A HIDA scan is a nuclear scan in which bile is tagged with a mildly radioactive tracer. Because bile is normally sequestered in the gallbladder until a meal, the gallbladder should be filled with the radioactive bile and therefore clearly seen on the scan. If, on the other hand, the gallbladder is not seen, this indicates that it is “nonfilling,” that is, it has an inflow and therefore almost certainly an outflow obstruction. As we know from above, outflow obstruction is one of the key steps in the pathophysiology of acute cholecystitis, and therefore an absent gallbladder on HIDA scan is strongly suggestive of the disease.
TIPS TO REMEMBER
Acute cholecystitis is a clinical diagnosis that can often be made on the basis of RUQ pain, RUQ tenderness, and systemic signs of inflammation.
A positive Murphy sign is cessation of inspiration with deep palpation of the RUQ.
Besides biliary colic and acute cholecystitis, gallstones in the biliary tree can also cause cholangitis or gallstone pancreatitis.
Don’t forget the HIDA scan if the diagnosis remains uncertain after labs and an ultrasound.
1. Which of the following findings is not needed to make the diagnosis of acute cholecystitis?
A. RUQ pain
B. RUQ tenderness
C. Gallstones on ultrasound
D. Systemic signs of infection (fever, leukocytosis, etc)

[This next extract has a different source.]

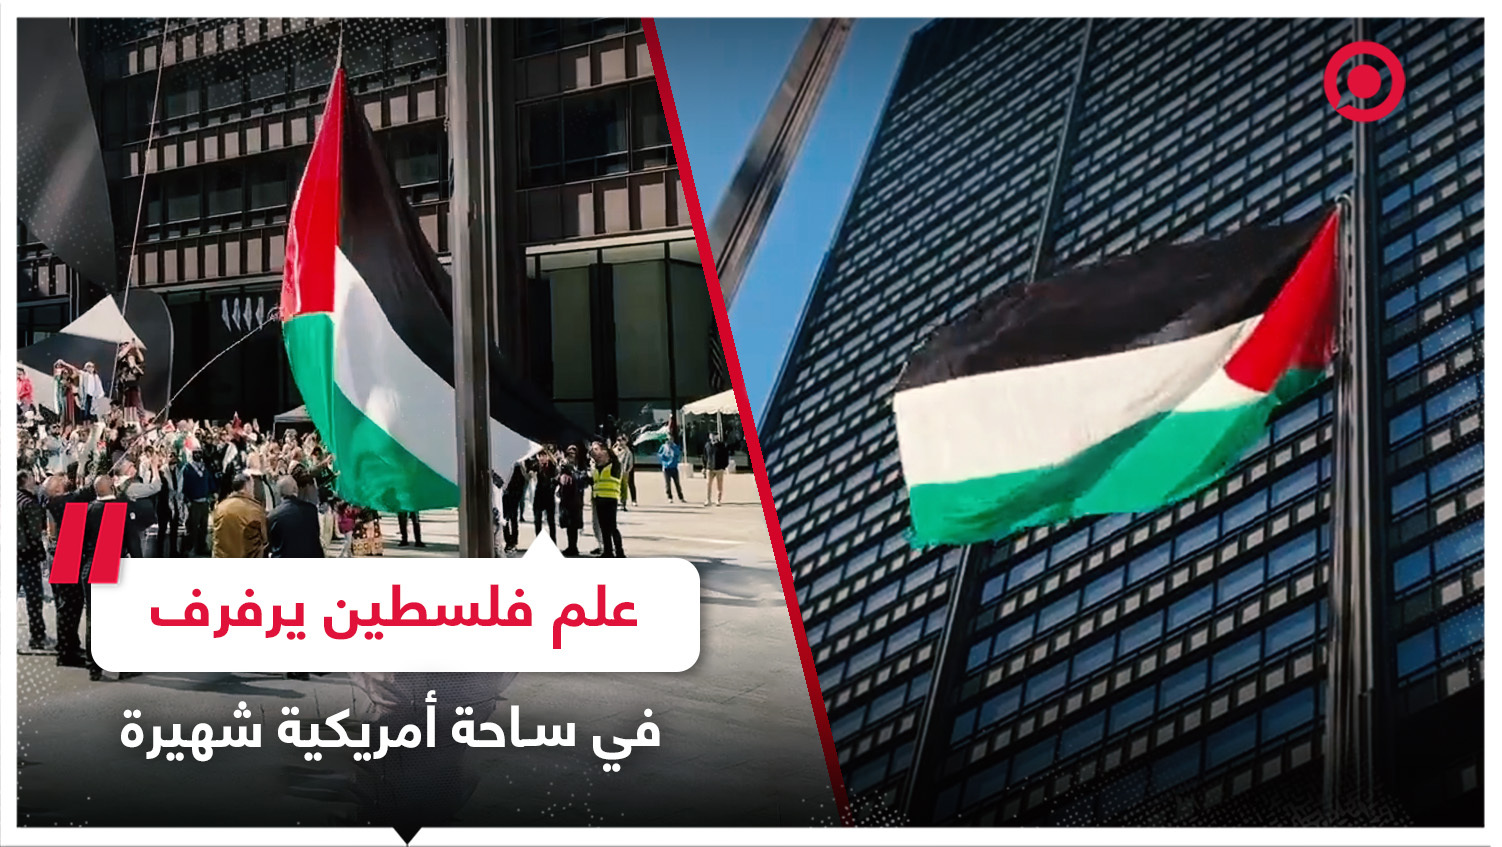 نشطاء يرفعون علما ضخما لفلسطين على مبنى وسط ساحة أمريكية شهيرة

2. A patient has an elevated white count, elevated bilirubin, and stones seen on a RUQ ultrasound. What other lab do you need to order?
A. Alkaline phosphatase
3. A 40-year-old obese female presents to the ED with RUQ pain and tenderness but a normal white count and no fevers. A RUQ ultrasound is somewhat limited by the patient’s body habitus, but from what the ultrasonographer could see the patient didn’t have any stones or any signs of inflammation. What is the next step?
A. Book the OR and obtain the patient’s consent for a laparoscopic cholecystectomy.
B. Send her home with precautions to return if she develops a fever.
C. Admit her and begin IV antibiotics.
D. Obtain a HIDA scan.
1. C. If a patient has all 3 features of the “diagnostic triangle,” ultrasound is not needed.
2. B. The patient almost certainly has a stone that is obstructing biliary outflow. The only question that remains is whether or not it is also obstructing pancreatic outflow, and therefore if the patient’s pain might be due to (gallstone) pancreatitis.
3. D. This is the perfect indication for a HIDA scan—a decent story but not all 3 features of the “diagnostic triangle.”